Climbing a mountain is not only a physical challenge but a mental and emotional one. The idea of tackling a challenge like that is symbolic for any of life's obstacles.

For Berenyi, it's about standing at the base of the mountain and realizing she'd been at the top. "Every mountain climb, it still blows my mind," she said.

That sense of accomplishment can translate into everyday life, a key message of She Climbs as it instills the concepts of leadership and self-esteem in girls of all ages.

Even though 2014 marked the first official She Cimbs event, Berenyi founded the organization in 2006. It was an idea born of fear, she said.

"I had my second child late in 2005, another girl. Raising girls in this day and age ... I thought, 'What in the world do I do to help these girls?' I knew the key for them would be to build their self-esteem and self-confidence. If you could nail that with these girls, then half the battle would be won."

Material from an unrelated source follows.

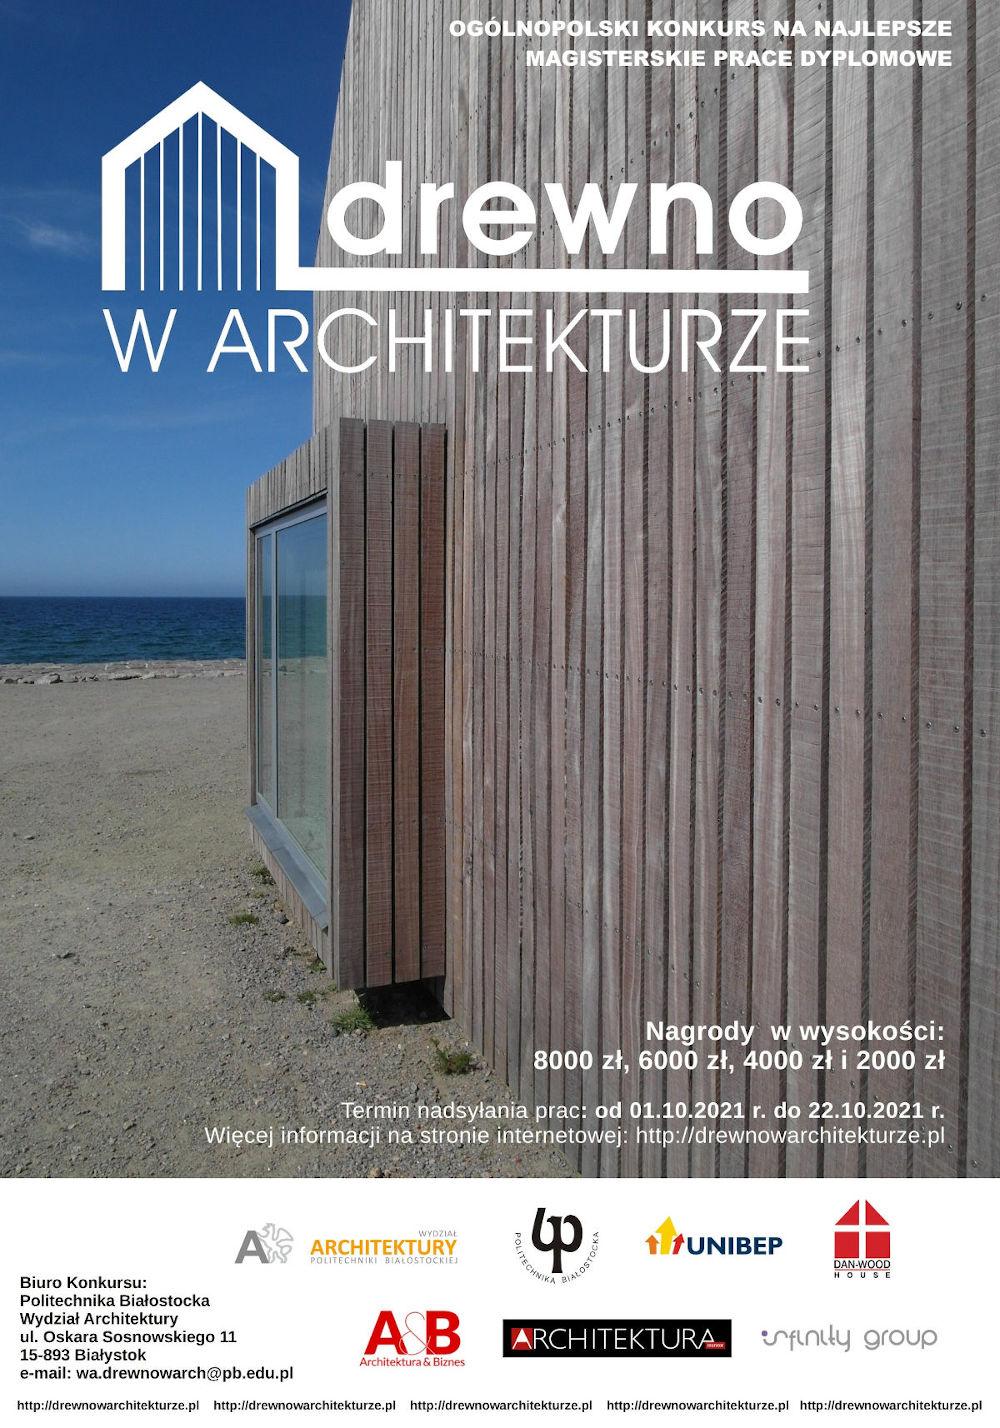 Plakat konkursu drewno w architekturze. W tle drewniana elewacja budynku nad morzem.

In 2009, Berenyi climbed Mount Elbrus in Russia, part of a research and development trip for She Climbs. The next year, she recruited an advisory board and developed leadership curriculum for participants. In 2011, Berenyi took another R&D trip to Bolivia and recruited to her She Climbs team Mandy Ramsden, the first South African woman to climb all seven summits.

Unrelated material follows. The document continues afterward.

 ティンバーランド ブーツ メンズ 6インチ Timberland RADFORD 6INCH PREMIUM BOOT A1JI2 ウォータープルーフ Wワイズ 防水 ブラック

At 10:08 a.m. Jan. 10, the research and planning paid off with the first climb up Mount Kilamanjaro, an event made even more special as Berenyi shared it with her daughter. Since their return, Berenyi and Helen discussed what a bonding experience the trip was for them.

"To be able to have all the pressures and cares of everyday life ripped away and only be worried about food and water and warmth and to just be together and experience (the climb), honestly, I couldn't have imagined the experience it brought us," Berenyi said.

Now Berenyi will turn her attention to providing a life-changing experience to more mothers and daughters, fathers and daughters and women of all ages. The groups will be small with one international climb and one domestic climb each year. She's hoping to organize a domestic climb this fall.

And sometimes the goal isn't even to reach the summit; sometimes it's just about the climb itself. "Part of She Climbs is having females of all ages explore 'What is my furthest limit? Can I go beyond that and have a good experience and translate that in my everyday life?' It's not always about summiting for all our climbers."